“I will confess to being a parent that has been frustrated by how slow our schools have been to open, and I do believe that the UFT has been a significant reason why our schools have been slow to open,” Andrew Yang told Politico last week.
Coming in the midst of my grief and outrage over the racist Atlanta hate killings against our AAPI community, this statement by a fellow New York City mayoral candidate was almost one thing too much more to process. But I couldn’t let it go. Yes, there is a valid need for improvement in our educational system. But there is a greater need for an inclusive and unifying leadership that will foster innovation, efficiency and preparedness for the future. Yang’s statement troubles me.
I am dismayed by and strenuously object to Andrew Yang’s statement about the UFT, the union that represents our educators.
Let me start with a story.
When I was a kid, my mother raised a massive bed of peonies that lined the rear of our home. If you know peonies, they come into magnificent bloom in May and June as the school year is ending. And if you know anything about Asian culture, we have a reverence and respect for teachers.
So each year, my mother would carefully cut stems of these huge, delicate and fragrant flowers and carefully arrange them for me to bring to school. I remember the first year, my little arms so loaded that I could barely see over the top, excited to deliver my gift. But as soon I entered the schoolyard, curious looks were followed by titters . “Teacher’s pet. Nerd. Chink. Suck-up. Go back to China.” By the time I reached my homeroom, I zombie-walked to my teacher with the bouquet which filled her desk, whispering a mother-ordered, “Thank you.” And I scurried back to my desk, afraid to meet my classmates’ furious eyes, cheeks aflame with shame and embarrassment. I did this for one or two more years before I begged my mother to let me stop.
But even today, I remember the teachers’ eyes, their surprise and delight. Since then, as an adult whose first job was teaching music and as a friend to many career educators in this city, I know the importance and impact of a small thank you to a teacher.
When Yang attacked UFT, I felt it as an attack on all teachers. Nearly 80 teachers have died and many more have fallen ill since COVID reached NYC last year. Our 120,000 educators struggled with changing winds of remote learning, just as our students did. Just like those of us working from home, they also juggled responsibilities for their own children, parents and family members. And each educator carried the burden of up to 120 students, their well-being and their educational progress though impossible conditions.
I know how hard teachers work from my two years’ service on the School Leadership Team (SLT) at Brooklyn Technical High School, where one of my sons had the privilege of attending. And I brought my resolve to stand for our educators and students to our fight over the Principal C-30, the DOE’s broken process for choosing Principals. You can see the full text of our letter to the Chancellor here.
Sure, the UFT has room to improve. I have had the privilege of participating in meetings of MORE UFT, the dissident caucus of the UFT and have felt their pain and heard their complaints. But at the root is a crippling dysfunction between the Mayor’s office and the DOE leadership. This must end.

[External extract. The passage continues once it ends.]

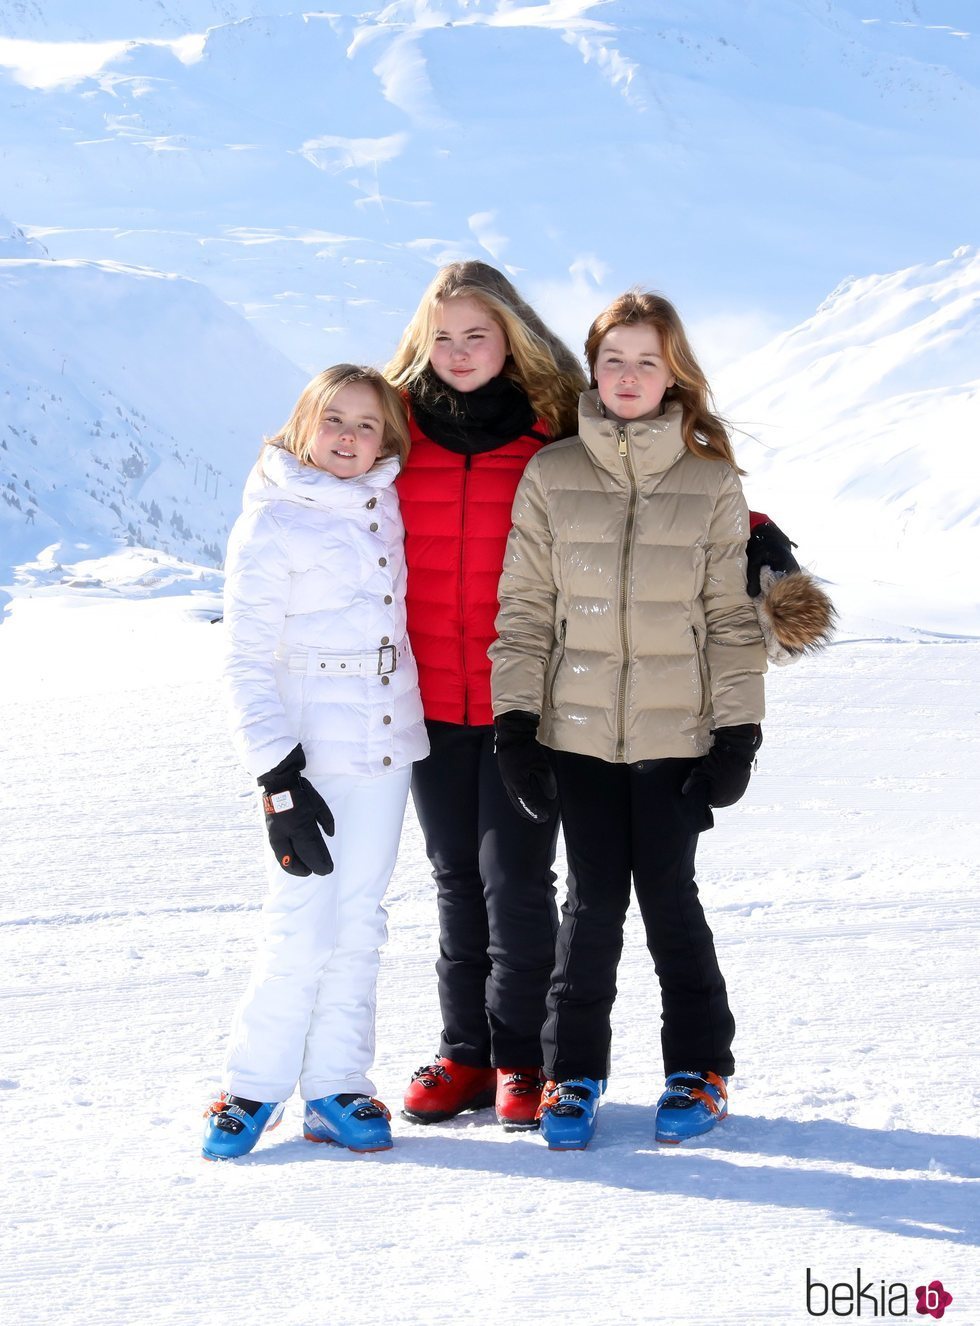 Ariane, Amalia y Alexia de Holanda en su posado invernal en Lech
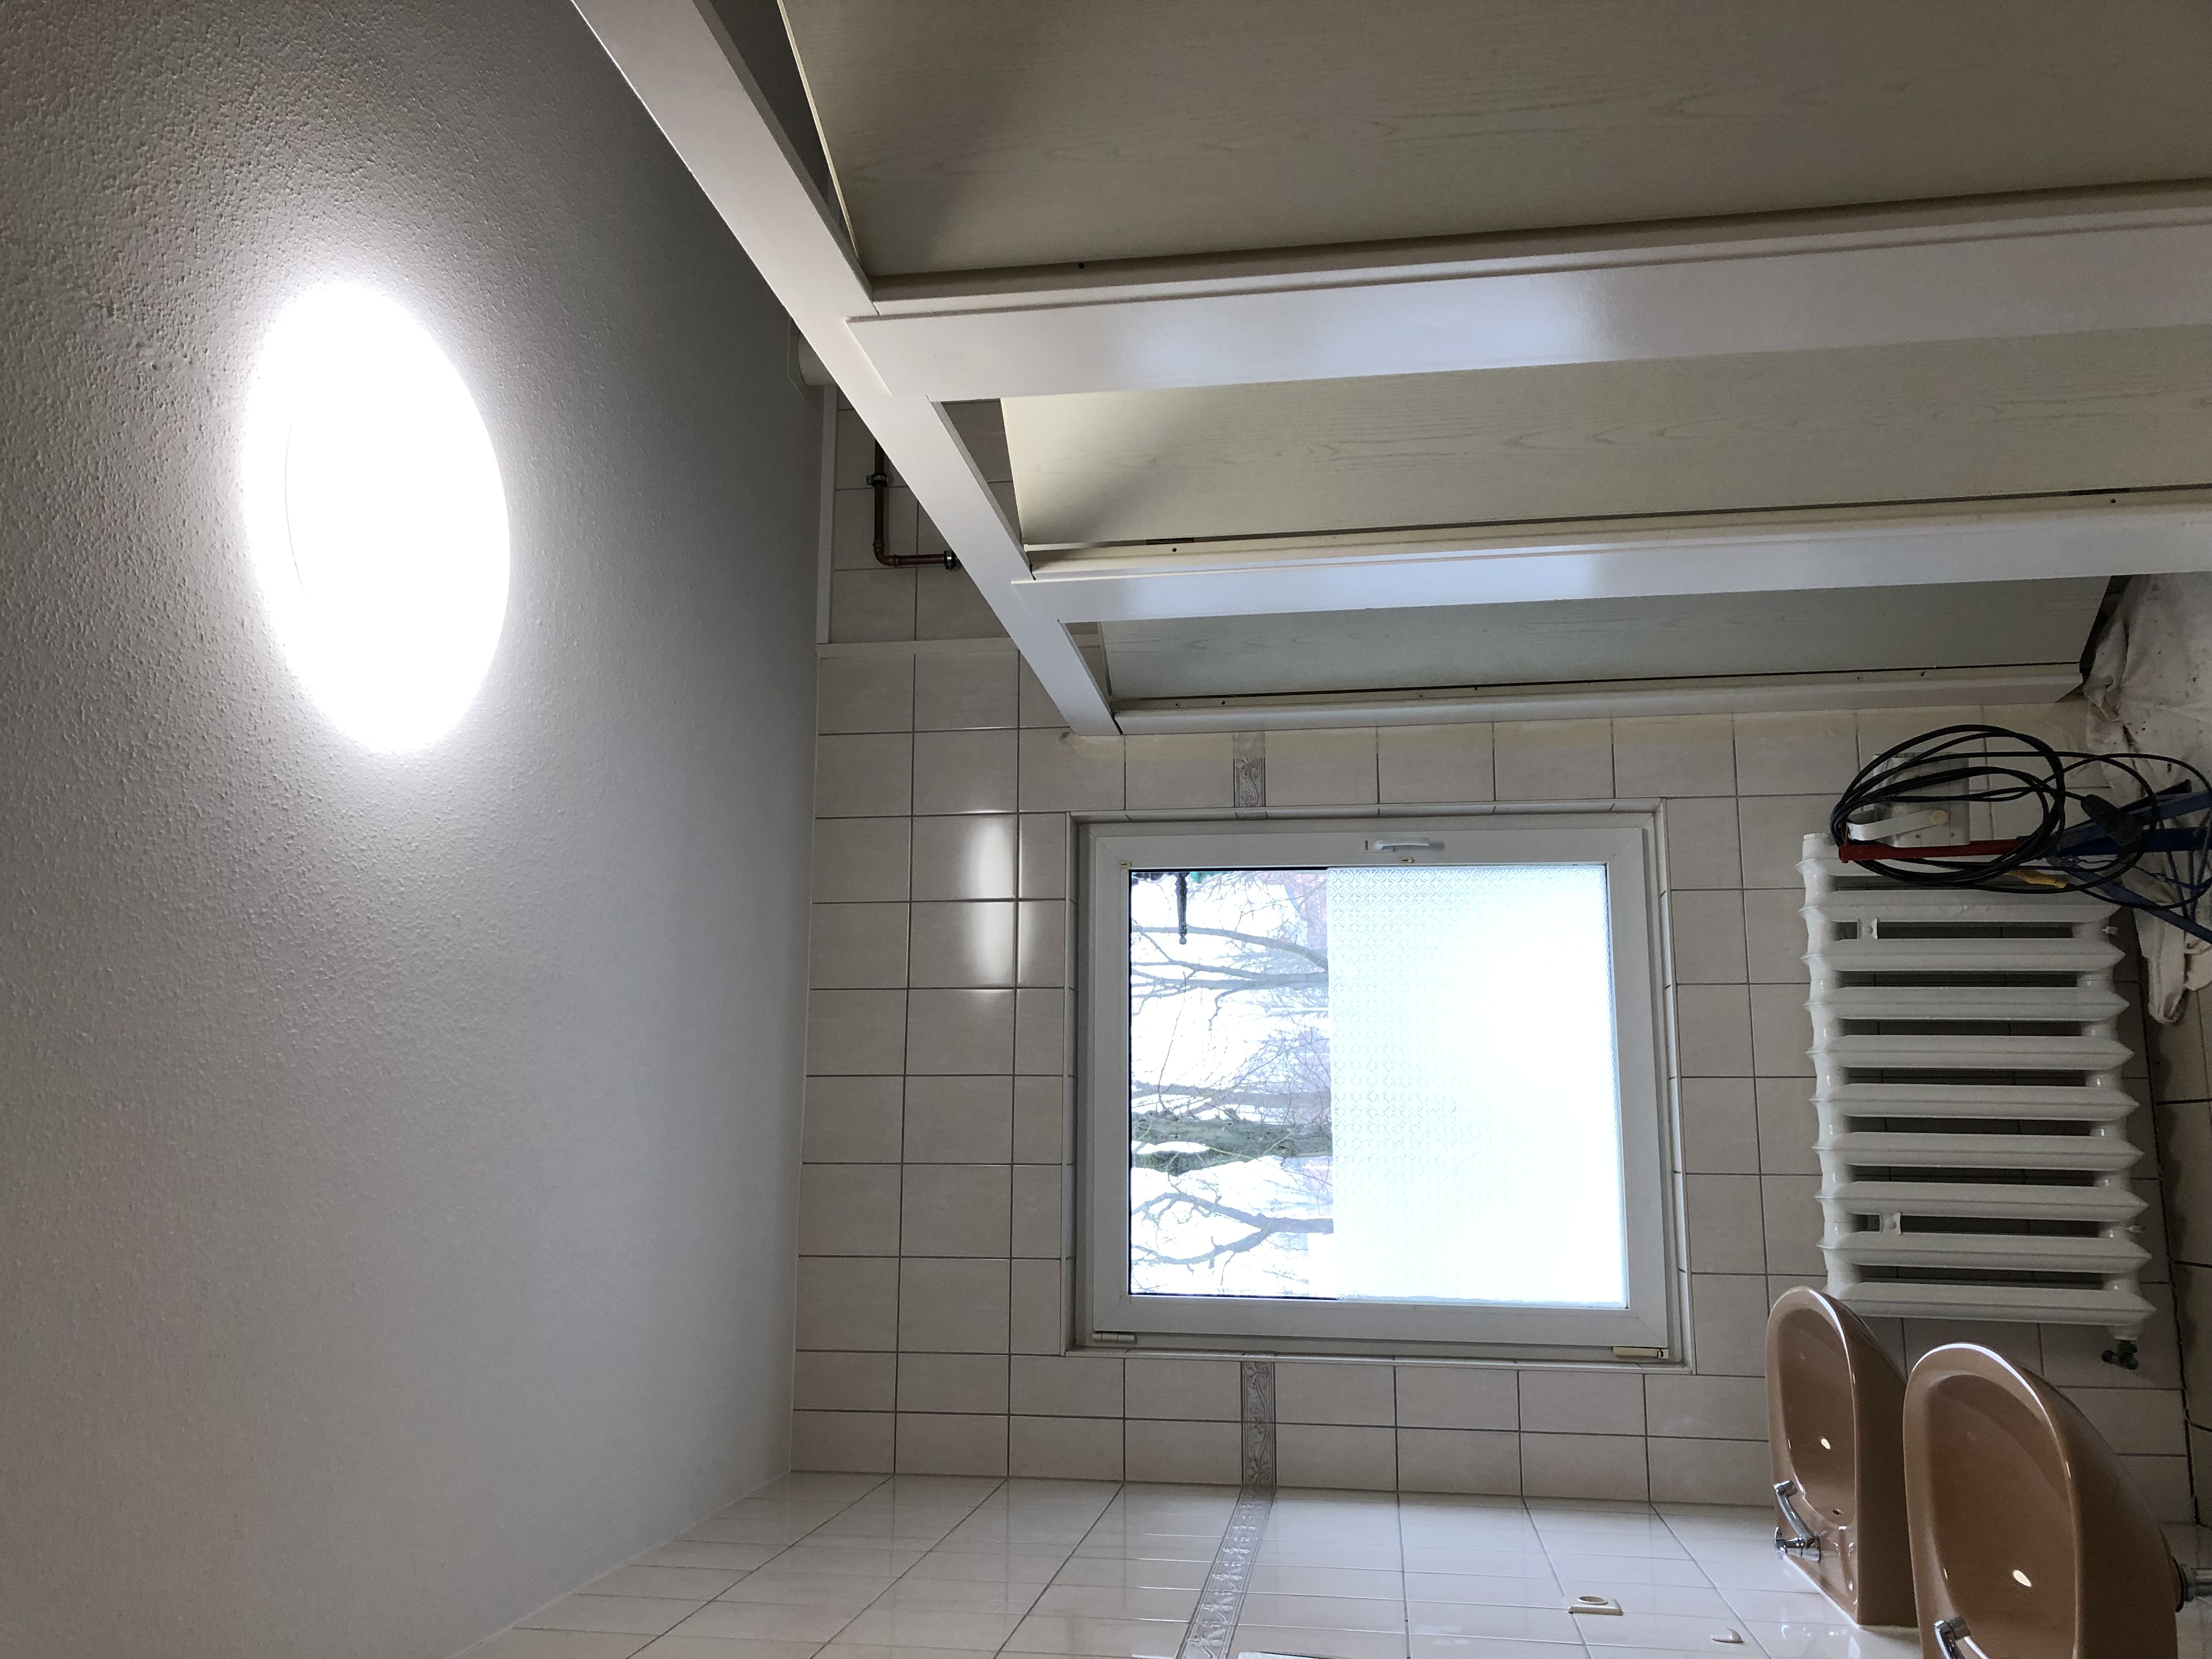 Sanierung WC-Anlagen&Garderobe im SH-01.02-02.02.2019  (15)

This is the outcome of an executive approach infused with politics instead of management. Prioritizing ideology over pragmatism. Valuing decision-making over collaboration. Solving problems piecemeal over holistic approaches. The end result? The reactive and punitive City Hall we suffer with today. The next Mayor must fix this.
As a parent and fierce advocate for New York City, my Spidey-sense is alerted when someone displays early tendencies of the current Mayor as Yang has done.
I don’t want a City Hall run by someone who doesn’t show partnership and co-ownership. We already have a City Hall that doesn’t take ownership and responsibility for the whole City. We don’t need another one. We already have a Mayor who blames others for the bad and takes sole credit for the good. We don’t need another one. We already have a Mayor who fails to recognize that the buck stops on his desk. We don’t need another one.
We need a Mayor who moves forward to make positive changes with the tools at their disposal. And then creates some more. I will be that Mayor.
Unions are critical partners in our city’s recovery. I will be the mayor who takes the opportunity to forge a new labor-management relationship. In education the tools are abundant if you are willing to leverage the collective intelligence of the 75,000 frontline UFT educators. My North Star is the Labor-Management Partnership at Kaiser Permanente. My work helping SEIU 775’s Training Partnership create Carina.org inspires me about the future possibilities when we add families to the labor-management partnership.
My son will graduate from Brooklyn Tech in June filled with confidence and curiosity. He credits Tech’s intellectual and human diversity and the faculty, who have forever raised the bar on what teaching will mean to him. I wish I had a peony to give every one of his teachers. I can say loudly, “Thank you for all that you do.” I can say that I fight for the people who fight for our students, our educators.